Her stillness, her appalled stillness, wore to him an air of fascinated
attention. He asked abruptly:

"Where is it?"

She made an effort to breathe out:

"Where's what?"

His tone expressed excited secrecy.

"The swag--plunder--pieces. It's a game of grab. We must have it; but it
isn't easy, and so you will have to lend a hand. Come! is it kept in the
house?"

As often with women, her wits were sharpened by the very terror of the
glimpsed menace. She shook her head negatively.

"No."

"Sure?"

"Sure," she said.

"Ay! Thought so. Does your gentleman trust you?"

Again she shook her head.

"Blamed 'yporcrit," he said feelingly, and then reflected: "He's one of
the tame ones, ain't he?"

"You had better find out for yourself," she said.

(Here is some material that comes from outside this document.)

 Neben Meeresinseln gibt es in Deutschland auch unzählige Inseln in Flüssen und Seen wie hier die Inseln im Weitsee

"You trust me. I don't want to die before you and I have made friends."
This was said with a strange air of feline gallantry. Then, tentatively:
"But he could be brought to trust you, couldn't he?"

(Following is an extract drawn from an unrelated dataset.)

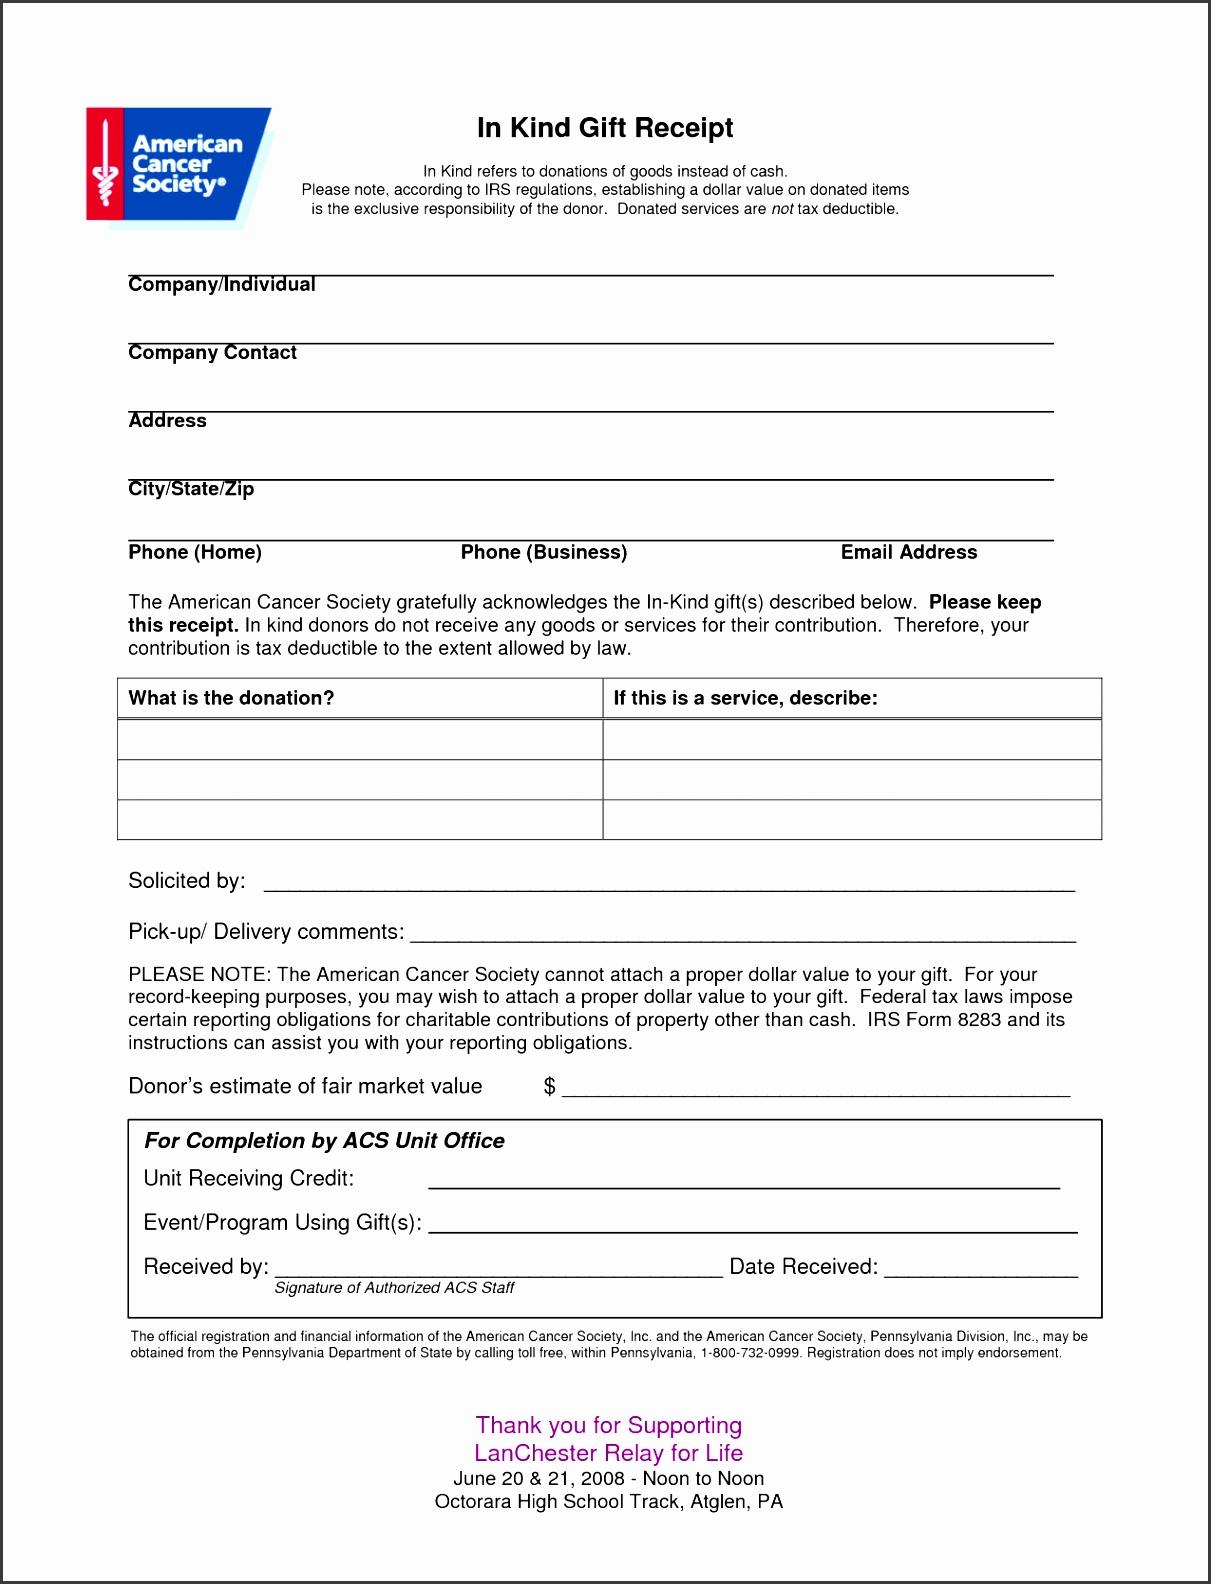 6 Tax Donation Receipt Template - SampleTemplatess - SampleTemplatess

"Trust me?" she said, in a tone which bordered on despair, but which he
mistook for derision.

"Stand in with us," he urged. "Give the chuck to all this blamed
'yporcrisy. Perhaps, without being trusted, you have managed to find out
something already, eh?"

"Perhaps I have," she uttered with lips that seemed to her to be
freezing fast.

Ricardo now looked at her calm face with something like respect. He was
even a little awed by her stillness, by her economy of words. Womanlike,
she felt the effect she had produced, the effect of knowing much and of
keeping all her knowledge in reserve. So far, somehow, this had come,
about of itself. Thus encouraged, directed in the way of duplicity, the
refuge of the weak, she made a heroically conscious effort and forced
her stiff, cold lips into a smile.

Duplicity--the refuge of the weak and the cowardly, but of the disarmed,
too! Nothing stood between the enchanted dream of her existence and
a cruel catastrophe but her duplicity. It seemed to her that the man
sitting there before her was an unavoidable presence, which had attended
all her life. He was the embodied evil of the world. She was not ashamed
of her duplicity. With a woman's frank courage, as soon as she saw
that opening she threw herself into it without reserve, with only one
doubt--that of her own strength. She was appalled by the situation; but
already all her aroused femininity, understanding that whether Heyst
loved her or not she loved him, and feeling that she had brought this on
his head, faced the danger with a passionate desire to defend her own.